**Problem details:**
Starting with the line below that holds "auf dem Weg" and stopping after the line that holds "Xây dựng bài", transcribe the lines exactly, leaving out all pictures.

**Input records:**
========================================

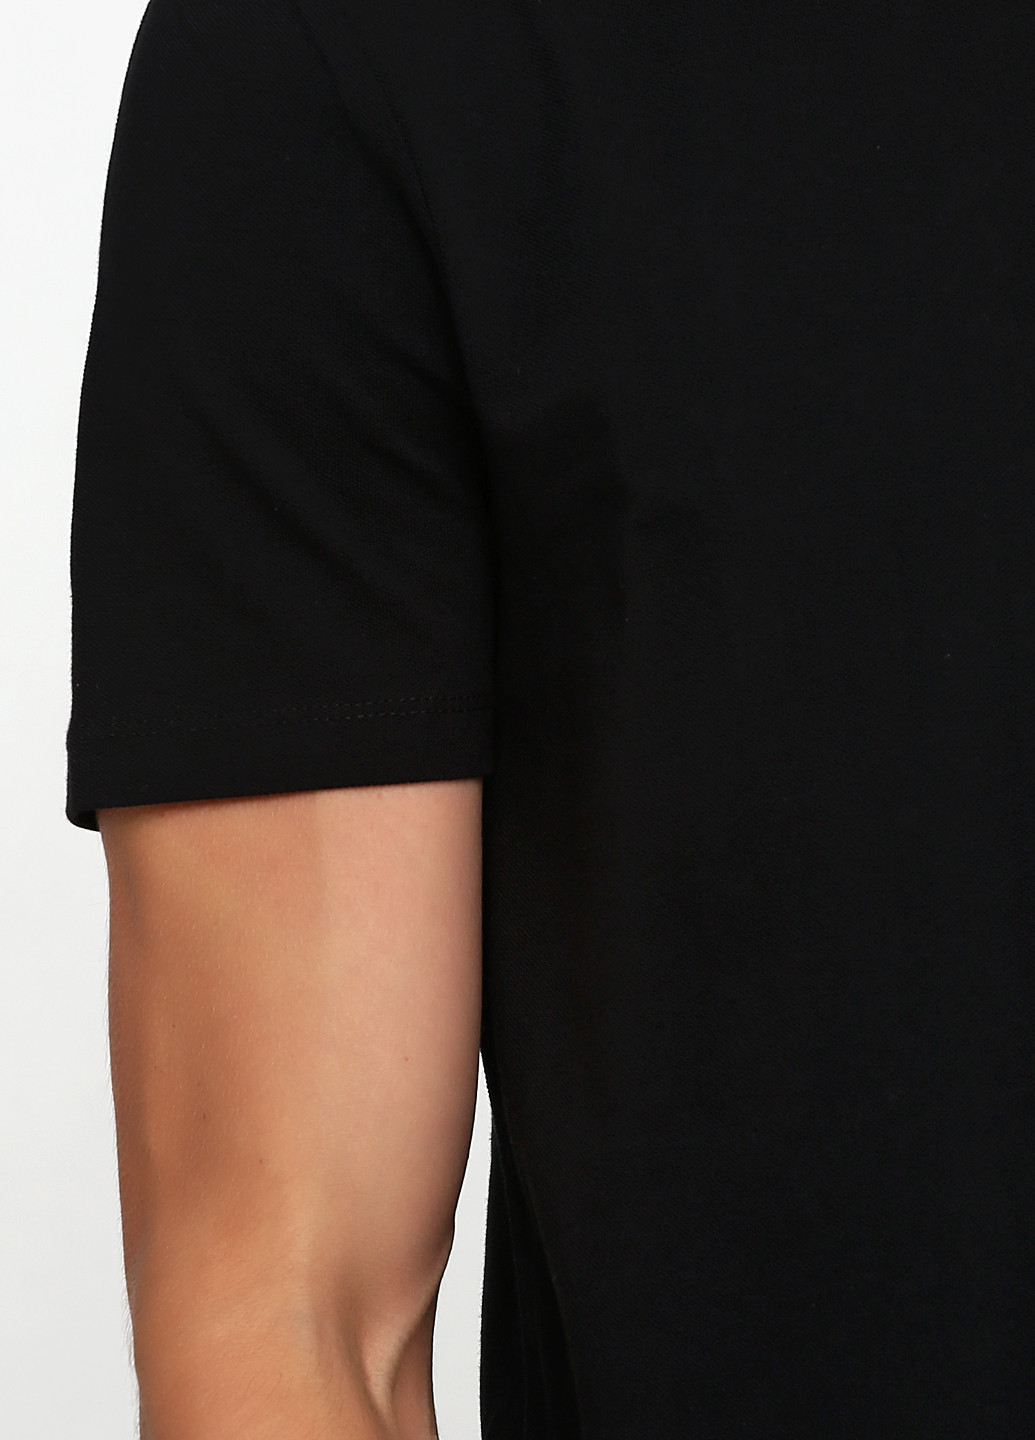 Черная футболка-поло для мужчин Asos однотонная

========================================

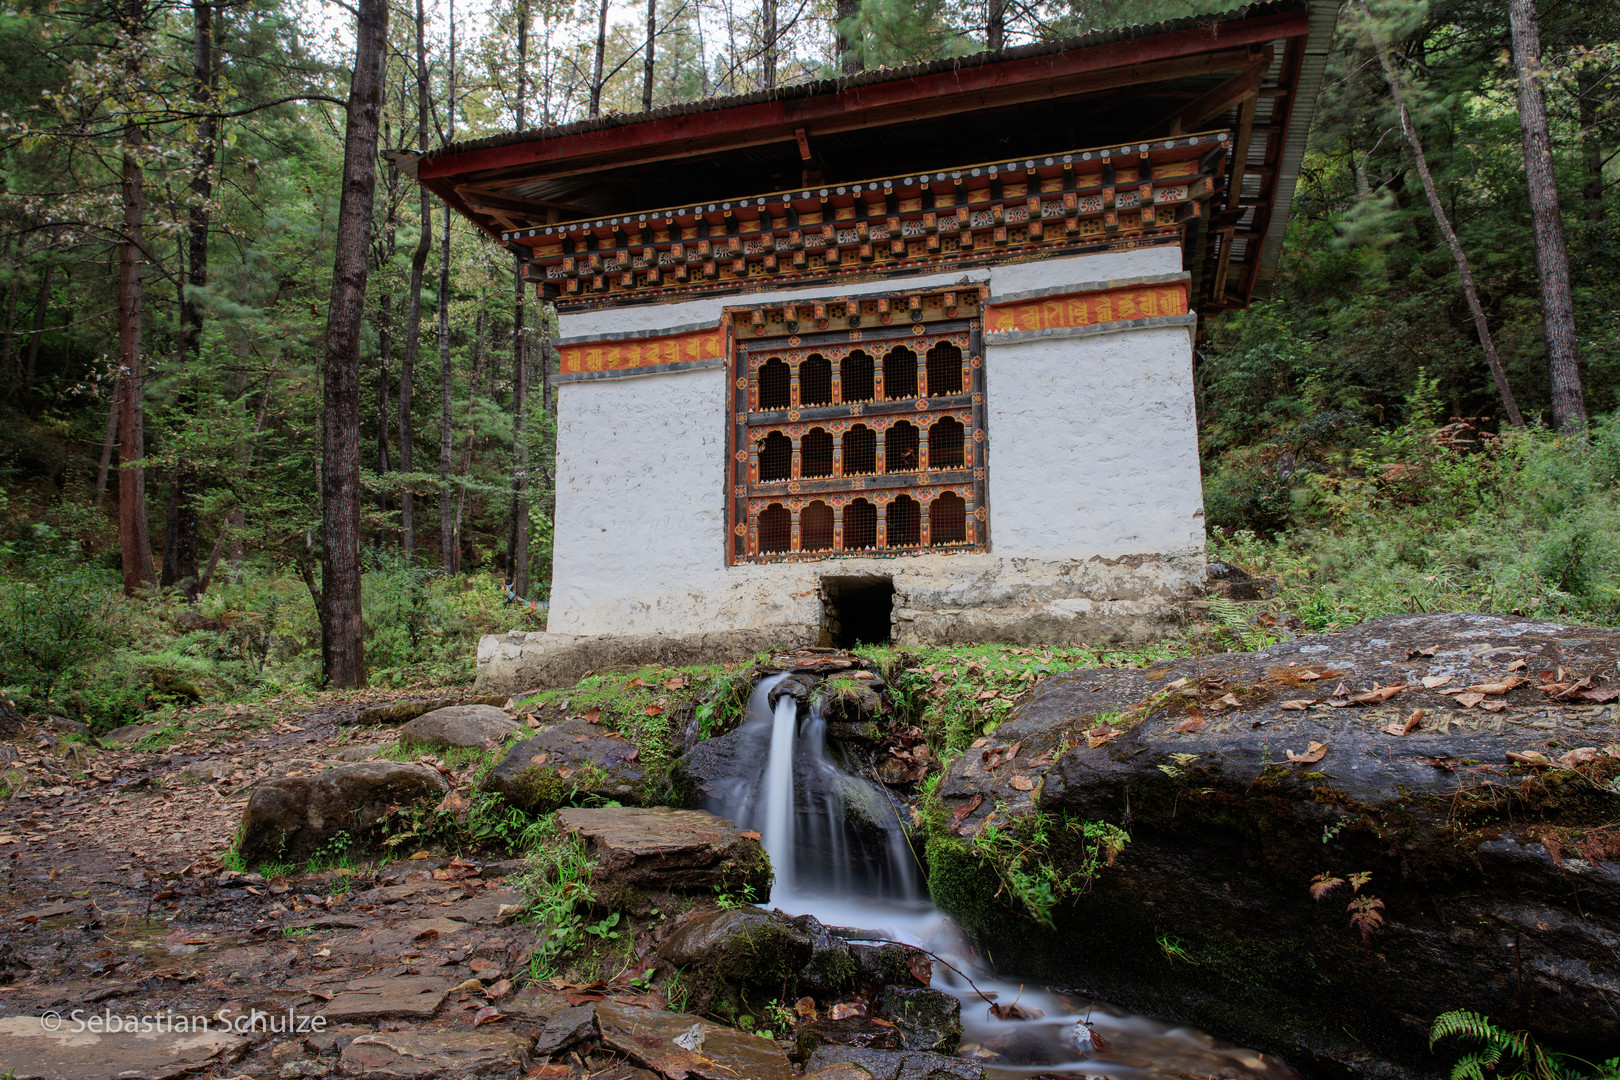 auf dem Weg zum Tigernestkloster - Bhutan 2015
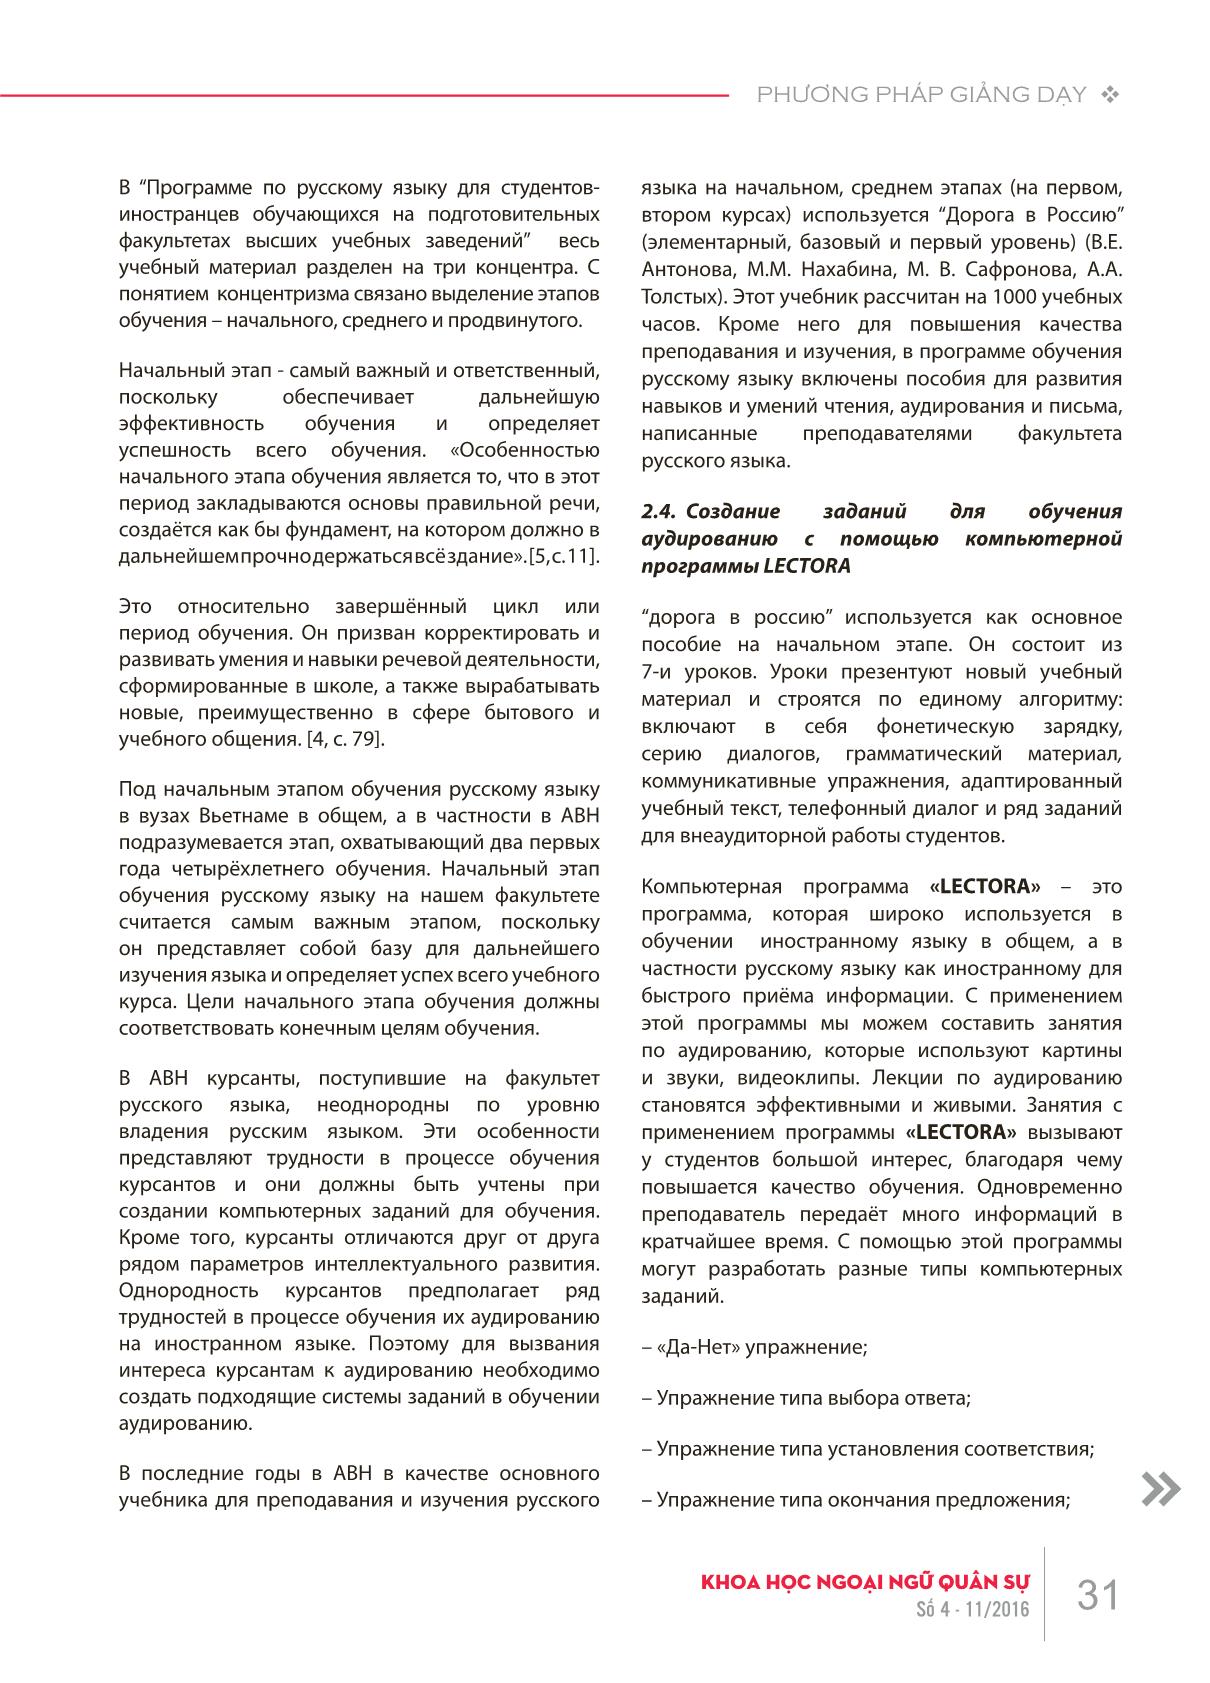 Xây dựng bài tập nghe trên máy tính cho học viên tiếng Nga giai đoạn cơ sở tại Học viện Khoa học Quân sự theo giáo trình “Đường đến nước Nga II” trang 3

========================================

**Reply:**
 auf dem Weg zum Tigernestkloster - Bhutan 2015
 Xây dựng bài tập nghe trên máy tính cho học viên tiếng Nga giai đoạn cơ sở tại Học viện Khoa học Quân sự theo giáo trình “Đường đến nước Nga II” trang 3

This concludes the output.